Zur Anbindung des neuen Stadions an die Autobahnen A 9 und A99 war es notwendig, die Leistungsfähigkeit der bestehenden Anschlussstelle Fröttmaning an der A 9 durch zusätzliche Fahrstreifen zu erhöhen und nördlich des Stadions einen neuen Anschluss an den Münchner Autobahnring A 99 herzustellen. Zudem baute die Autobahndirektion Südbayern die A 9 zwischen dem Autobahnkreuz München-Nord und der Anschlussstelle Fröttmaning um bis zu drei Fahrstreifen je Richtung weiter aus. Die Autobahndirektion Südbayern hat diese stadionbedingten Ausbaumaßnahmen in einer Bauzeit von nur neun Monaten durchgeführt.
"Mit der Anbindung des Stadions an das Fernstraßennetz haben wir ein wichtiges Etappenziel erreicht. Nun kann der Spielbetrieb beginnen. Fertig sind wir jedoch noch nicht. Bis zur WM werden wir noch drei besonders wichtige und große Bauvorhaben an der A 9 zum Abschluss bringen. Die Maßnahmen sind wegen des bereits bestehenden hohen Verkehrsaufkommens erforderlich, gewinnen jedoch durch den Stadionneubau und durch die Fußball-WM zusätzlich an Priorität", informierte Beckstein. Dies sind der achtstreifige Ausbau der A 9 zwischen den Autobahnkreuzen Neufahrn und München-Nord, der sechsstreifige Ausbau der A 9 zwischen der Anschlussstelle Fröttmaning und dem Frankfurter Ring sowie die Herstellung und Erweiterung des dynamischen Verkehrsleitsystems auf den Autobahnen im Großraum München. Der Ausbau der A 9 erfolgt auf einer Gesamtlänge von 12,5 Kilometer und kostet 64 Millionen Euro. "Wir liegen sehr gut im Zeitplan. Ich sehe als gesichert an, dass die beauftragten Firmen den Ausbau bis Ende 2005 und das Verkehrsleitsystem bis spätestens zur WM 2006 fertig stellen werden", versicherte Beckstein. Hierzu dankte der Minister Bundesverkehrsminister Dr. Manfred Stolpe dafür, dass der Bund durch einen Vorwegabzug vom Fernstraßenhaushalt für eine vorgezogene und damit zeitgerechte Finanzierung dieser dringend notwendigen Ausbaumaßnahmen sorgt.
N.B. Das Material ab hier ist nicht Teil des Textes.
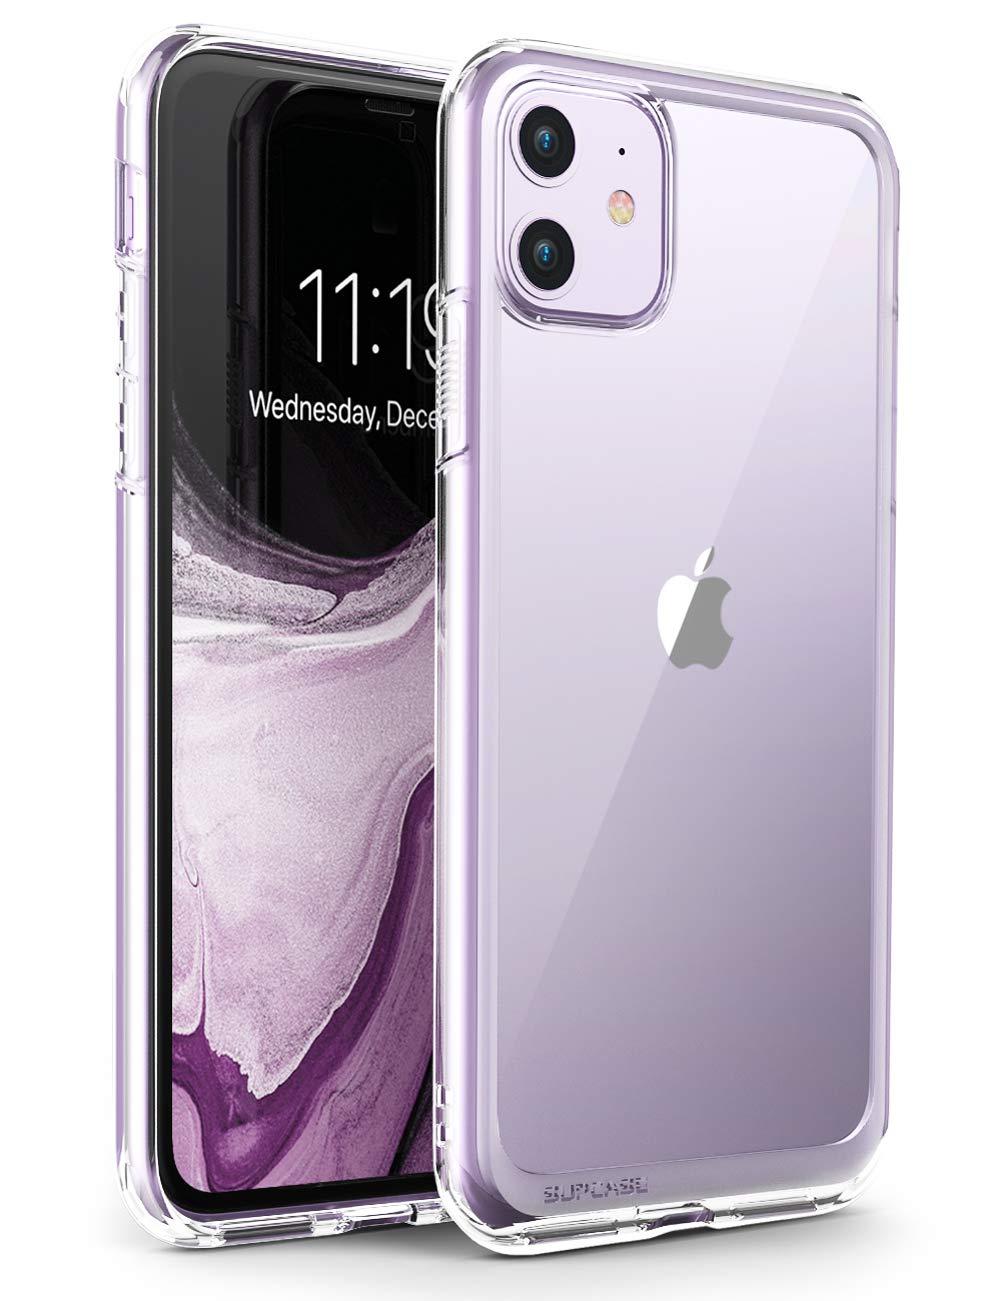 Funda para Iphone 11 (6.1) SUPCASE [7W4KTNBV]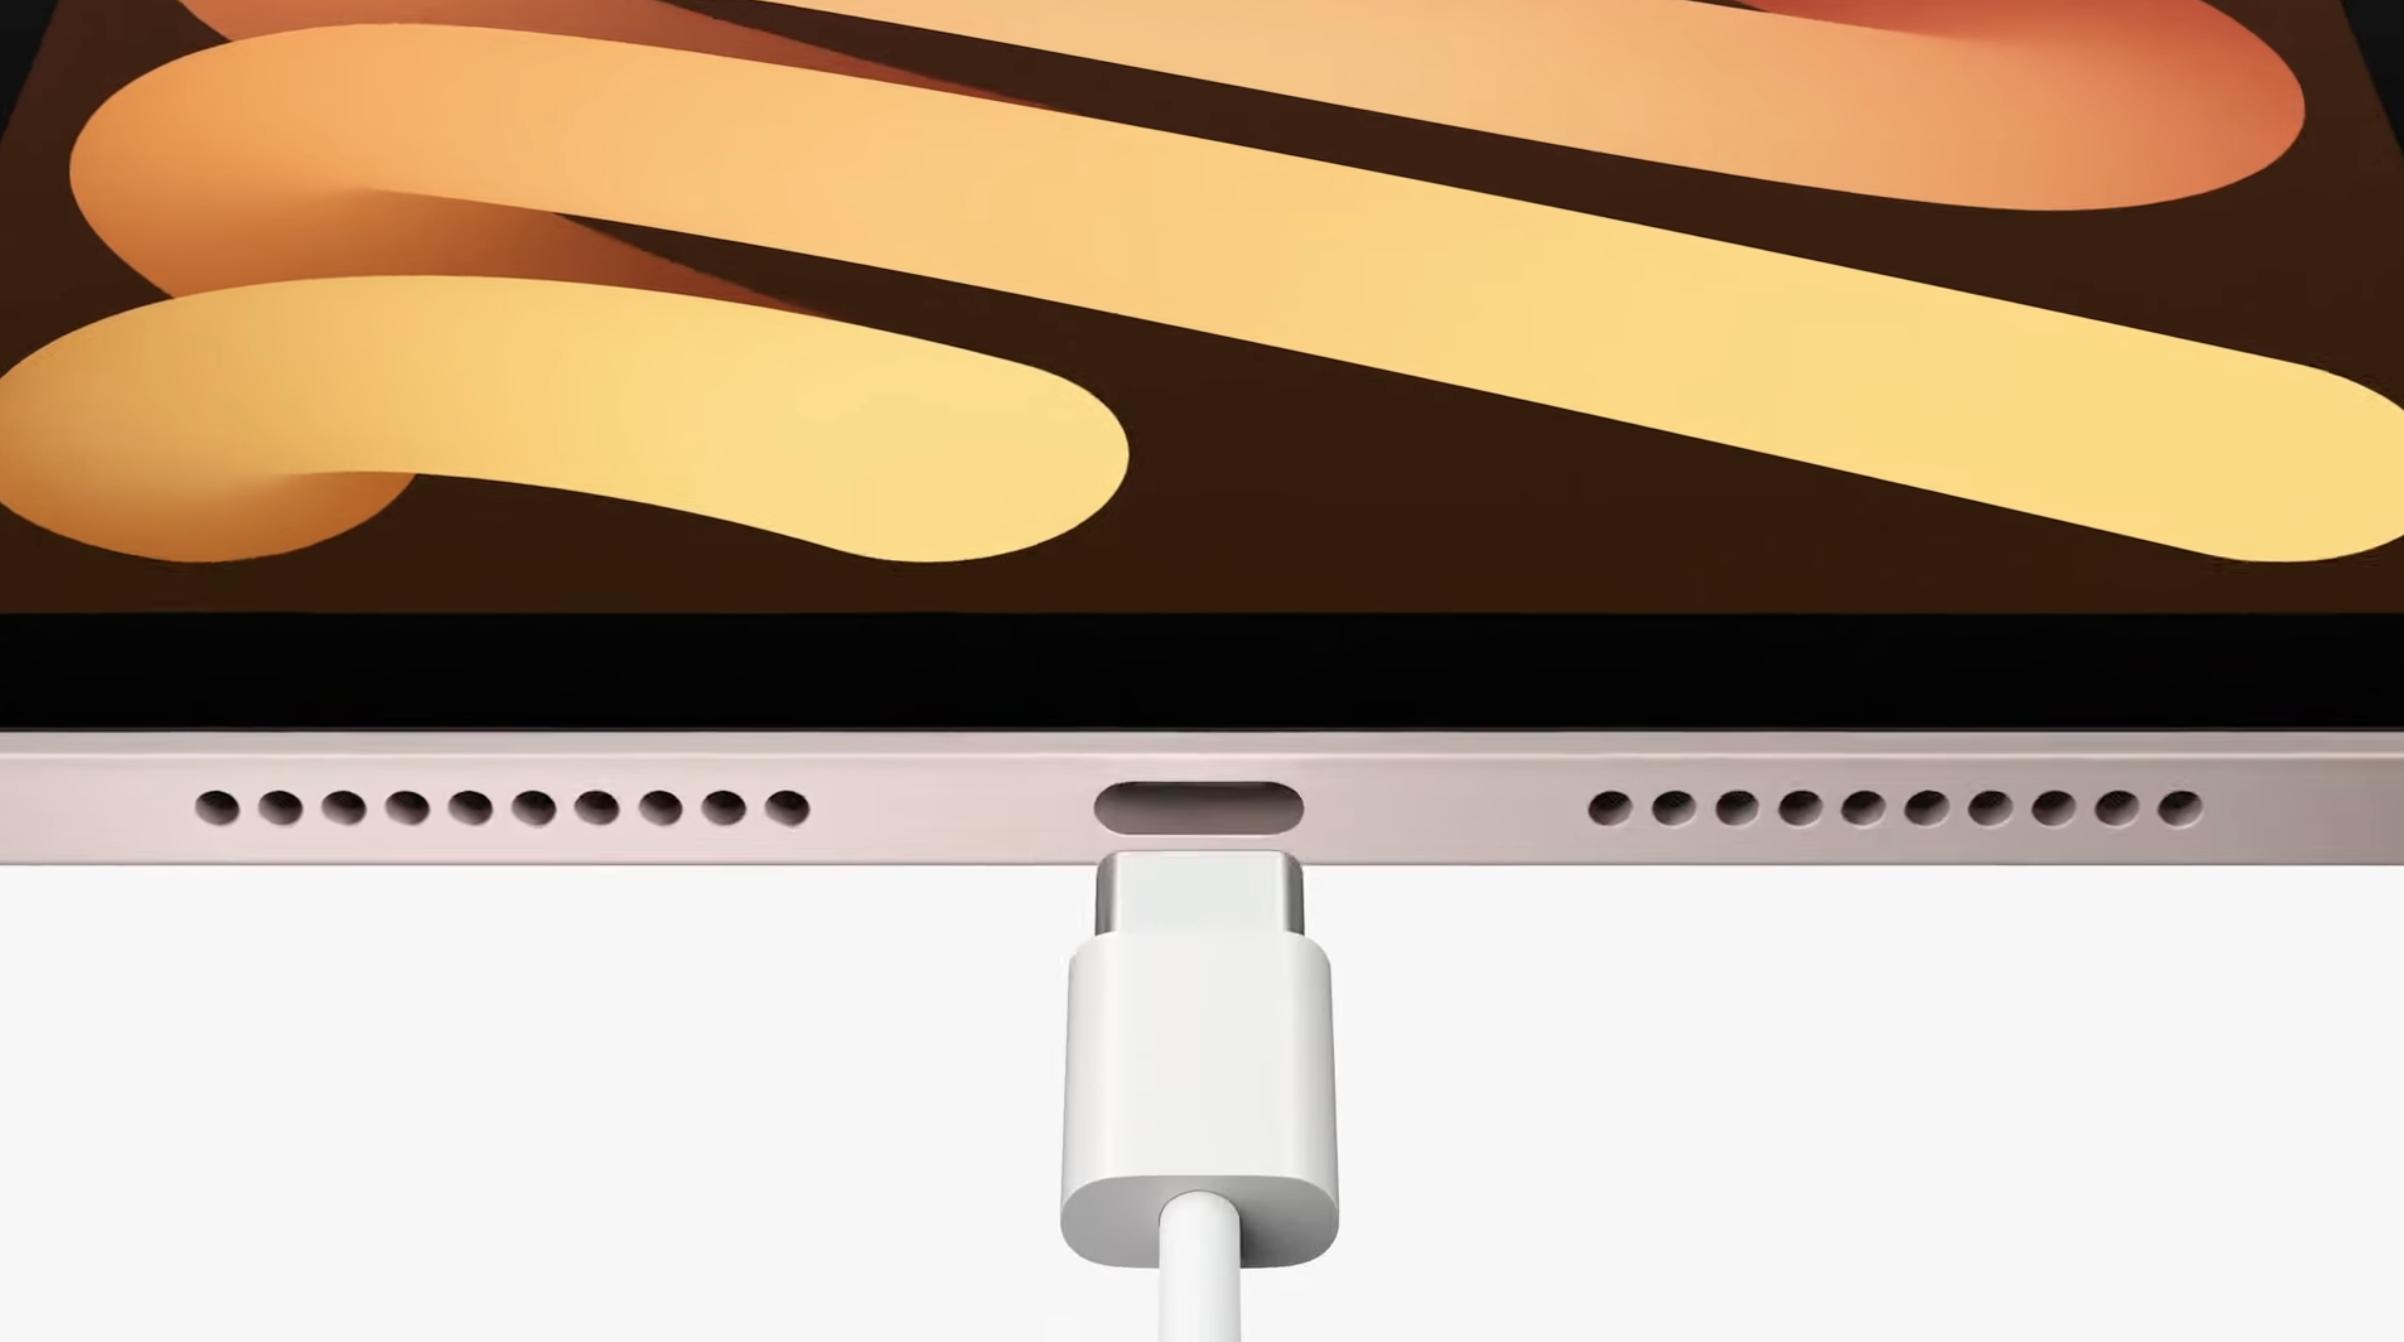 new iPad mini vs iPad mini 5 - I/O comparison

Angesichts der großen Bedeutung der stadionbedingten Straßenbau- und U-Bahnprojekte der Landeshauptstadt München stellt die Bayerische Staatsregierung hierzu staatliche Fördermittel von über 100 Millionen Euro zur Verfügung. Der Freistaat Bayern bezuschusst mit rund 20 Millionen Euro den Ausbau und die Verlegung der Werner-Heisenberg-Allee als Zufahrt von der Autobahn zum Stadion und zu den Parkhäusern, die Herstellung eines dynamischen Verkehrs- und Parkleitsystems im Stadionumfeld sowie die Kostenanteile der Landeshauptstadt München am Aus- bzw. Neubau der Anschlüsse an die A9 und A99. Eine weitere Förderung von rund 85 Millionen Euro erhält die Landeshauptstadt vom Freistaat für den viergleisigen Ausbau des Bahnhofs Fröttmaning mit zwei Bahnsteigen und einer Erweiterung der Abstellanlage, den Ausbau der Signaltechnik auf der Bahnlinie U 6 für einen 2 ½ minütigen Takt und für den Ausbau des U-Bahnhofs Marienplatz als Umsteigebahnhof zum Stadion. "Am Beispiel der Baumaßnahmen rund um das Stadion Fröttmaning zeigt sich sehr deutlich, was wir bewegen können, wenn alle an einem Strang und in die gleiche Richtung ziehen", betonte Beckstein.